The recent study also found that Jardiance for patients with heart failure with preserved ejection fraction could be cost-effective if discounted by 29%.
For patients with a specific type of heart failure — heart failure with preserved ejection fraction or HFpEF — the lifetime cost of dapagliflozin (Farxiga) is higher than that of empagliflozin (Jardiance), according to an analysis published in the Journal of Managed Care + Specialty Pharmacy. Taking dapagliflozin leads to a greater improvement in the expected quality-adjusted life years (QALYs). This research suggests that dapagliflozin, which was developed by AstraZeneca, is a cost-effective medication for this indication, as it costs less than $50,000 per QALY gained.
Interestingly, empagliflozin, which was developed by Boehringer Ingelheim and Lilly, would be equally cost-effective if its current yearly cost would be discounted by 29%, according to the analysis.
These two drugs are classified as sodium-glucose cotransporter 2 (SGLT2) inhibitors. SGLT2 inhibitors aka “flozins,” were initially developed to lower blood sugar levels in people with type 2 diabetes. In recent pivotal studies EMPEROR-Preserved and DELIVER, these drugs have been shown to reduce the risk of cardiovascular death and hospitalization and improve health status in patients with a certain type of heart failure.

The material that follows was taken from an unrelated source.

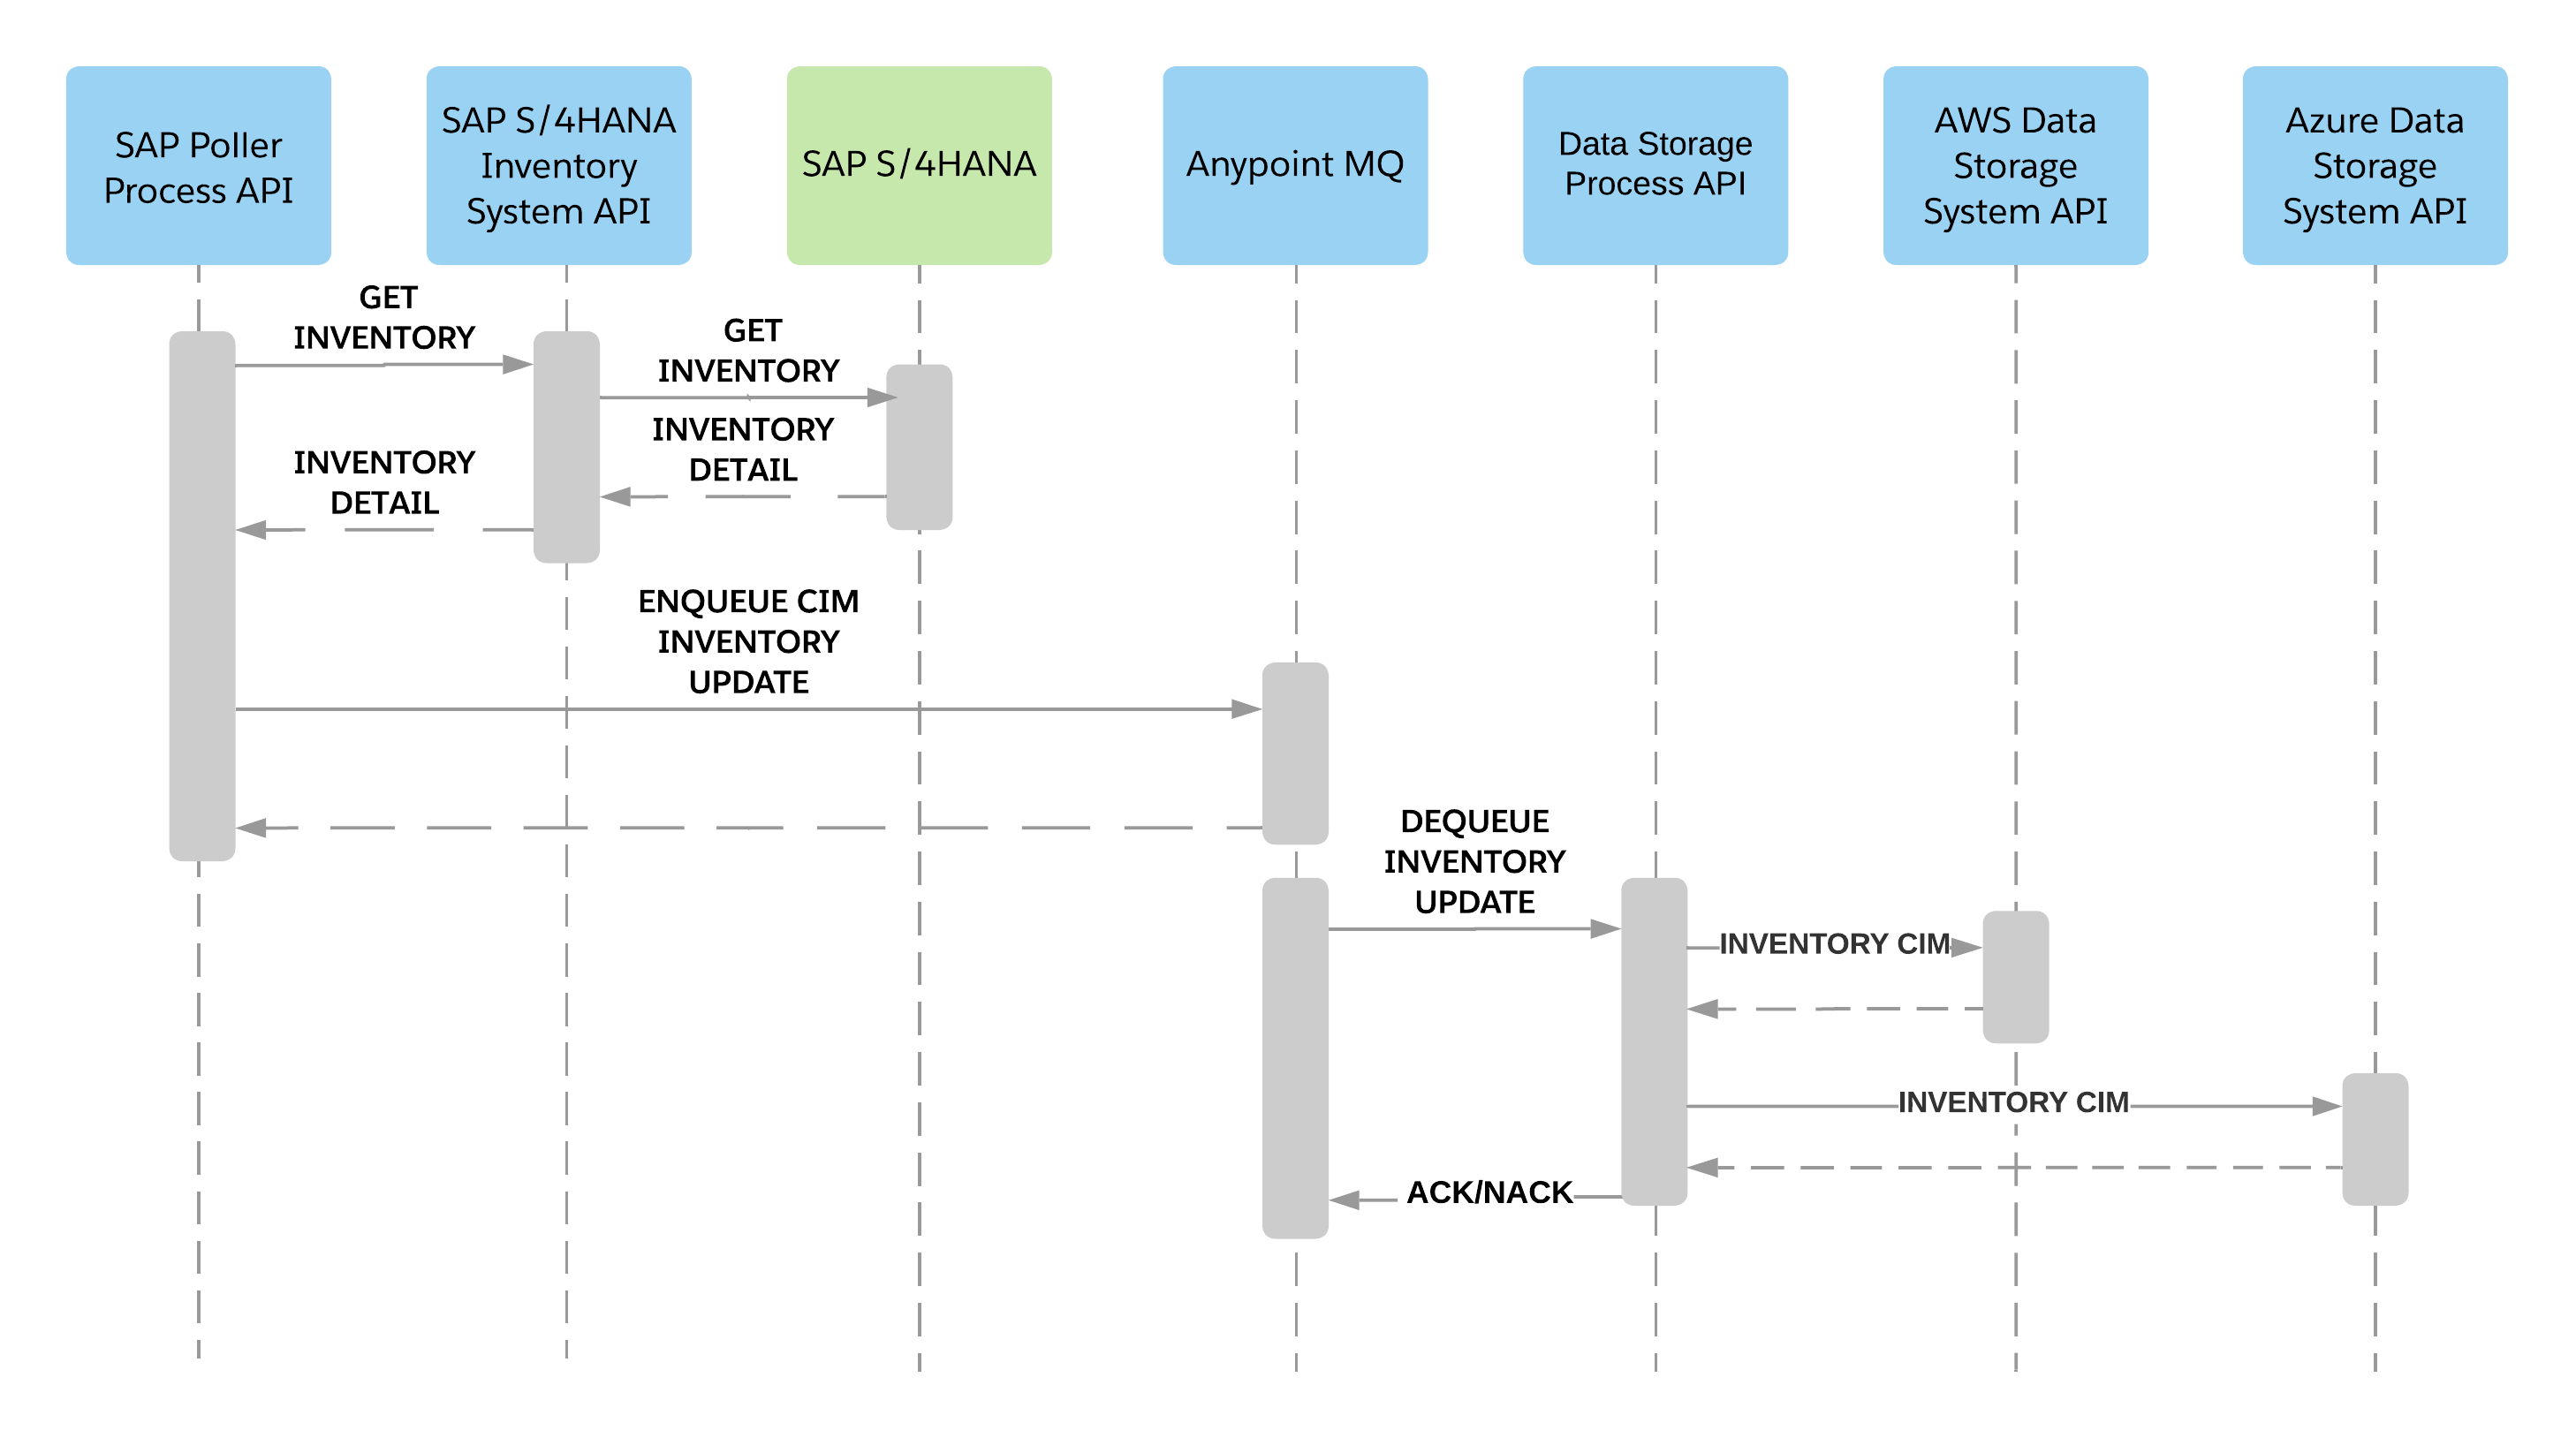 sap-datalakes-inventory-sequence-diagram.png

Heart failure is a chronic condition characterized by a decline in the heart’s pumping ability with symptoms like shortness of breath, fatigue, and fluid retention. About 3 million people in the United States specifically have HFpEF, in which symptoms of heart failure are present but the heart still has “preserved” ejection fraction, meaning it can still pump at least half of the blood that fills the left ventricle with each heartbeat. More than half of all heart failure cases fall into this subcategory.

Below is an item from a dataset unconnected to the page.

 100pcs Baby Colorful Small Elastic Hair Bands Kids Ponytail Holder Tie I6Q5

The latest medical recommendations strongly suggest a SGLT2 inhibitor as a first-line treatment for patients facing HFpEF, along with diuretics and lifestyle changes. However, current guidelines do not recommend one SGLT2 inhibitor over another. Further, SGLT2 inhibitors are expensive, typically retailing for more than $500 per month. Until now, comparative cost-effective analyses to help guide treatment selection for HFpEF haven’t been conducted.
In the new study, a group of researchers including senior author Ismaeel Yunusa, Pharm.D., Ph.D., assistant professor of Clinical Pharmacy and Outcomes Sciences at the University of South Carolina, used a computer model to assess the long-term health outcomes of patients with this type of heart failure in the United States. They aimed to determine the value of dapagliflozin compared with empagliflozin.
Their results found dapagliflozin to be a more cost-effective choice considering the lifetime health benefits, with dapagliflozin having an incremental expected lifetime cost of $29,896 versus empagliflozin, resulting in an incremental cost-effectiveness ratio of $36,902/QALY.
This study suggests that dapagliflozin offers greater economic value than empagliflozin at commonly used cost-effectiveness thresholds in the United States. The authors concluded that empagliflozin could still be deemed cost-effective if its current price is discounted.
“Interestingly, the model suggests that dapagliflozin would be the preferred cost-effective option at willingness-to-pay thresholds of $50,000/QALY around 72% of the time, shedding light on its potential economic value in certain clinical scenarios,” Yunusa told Formulary Watch.
He continued, “The study discerns that dapagliflozin may offer a more cost-effective solution compared to empagliflozin, potentially enhancing long-term outcomes in patients with HFpEF, which can significantly inform and aid managed care decision-makers in the judicious allocation of healthcare resources and selection of optimal therapeutic alternatives.”